## [Try it]
Copy out exactly the stretch of the listing below that begins at the line containing "Eulophia streptopetala Lindl., Africa" and ends at the line containing "three generation happy", and copy nothing outside it.

## [Given information]
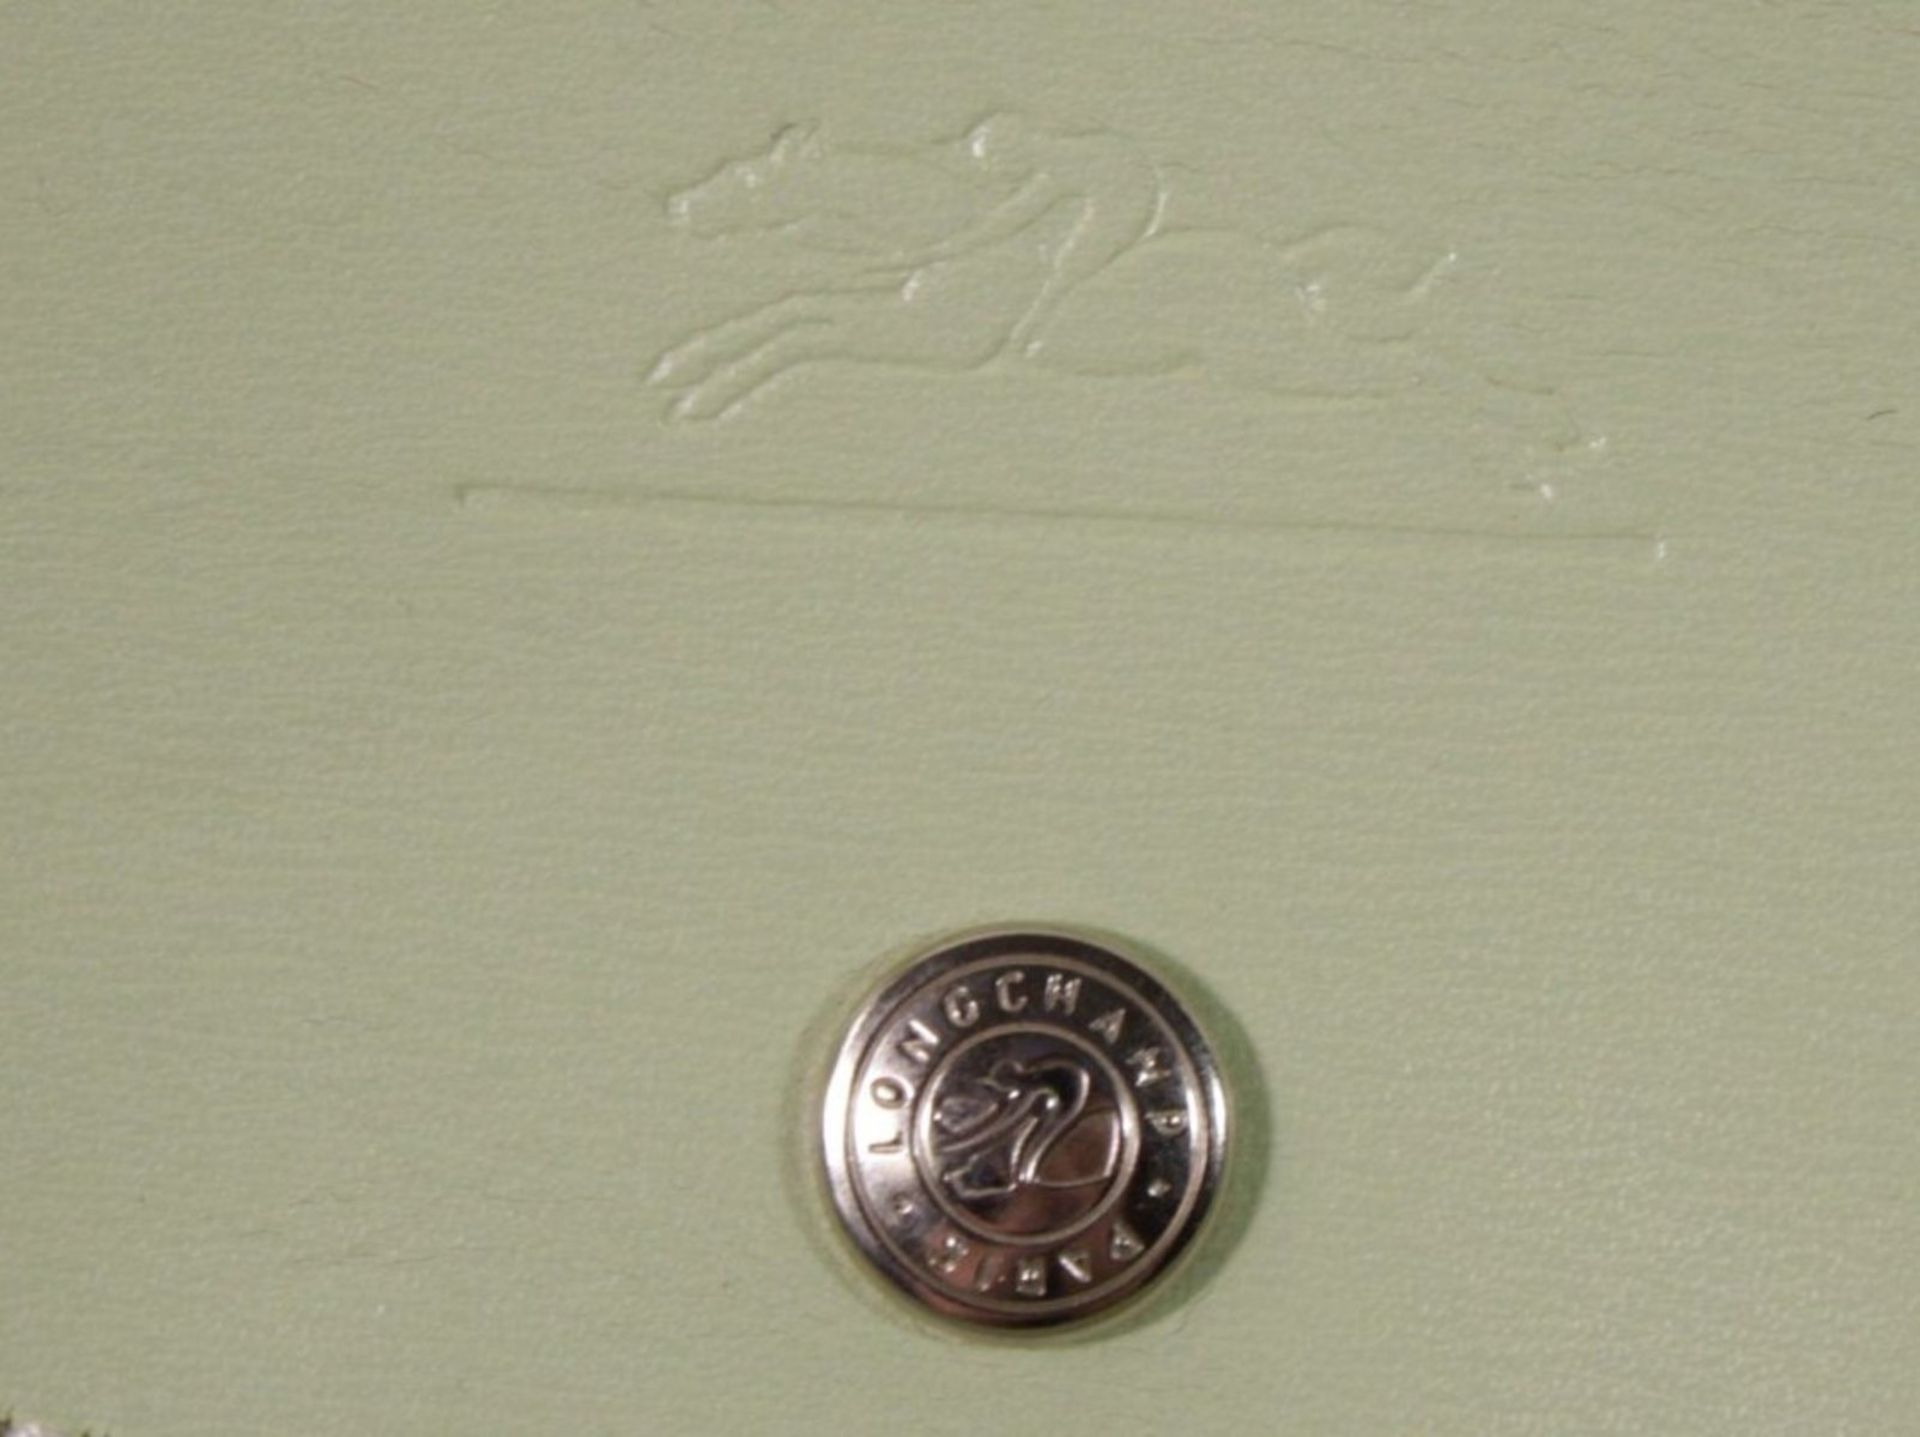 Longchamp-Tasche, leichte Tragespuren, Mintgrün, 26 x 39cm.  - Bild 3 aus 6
--
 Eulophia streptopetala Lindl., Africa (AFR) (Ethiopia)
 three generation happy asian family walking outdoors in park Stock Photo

## [Your solution]
 Eulophia streptopetala Lindl., Africa (AFR) (Ethiopia)
 three generation happy asian family walking outdoors in park Stock Photo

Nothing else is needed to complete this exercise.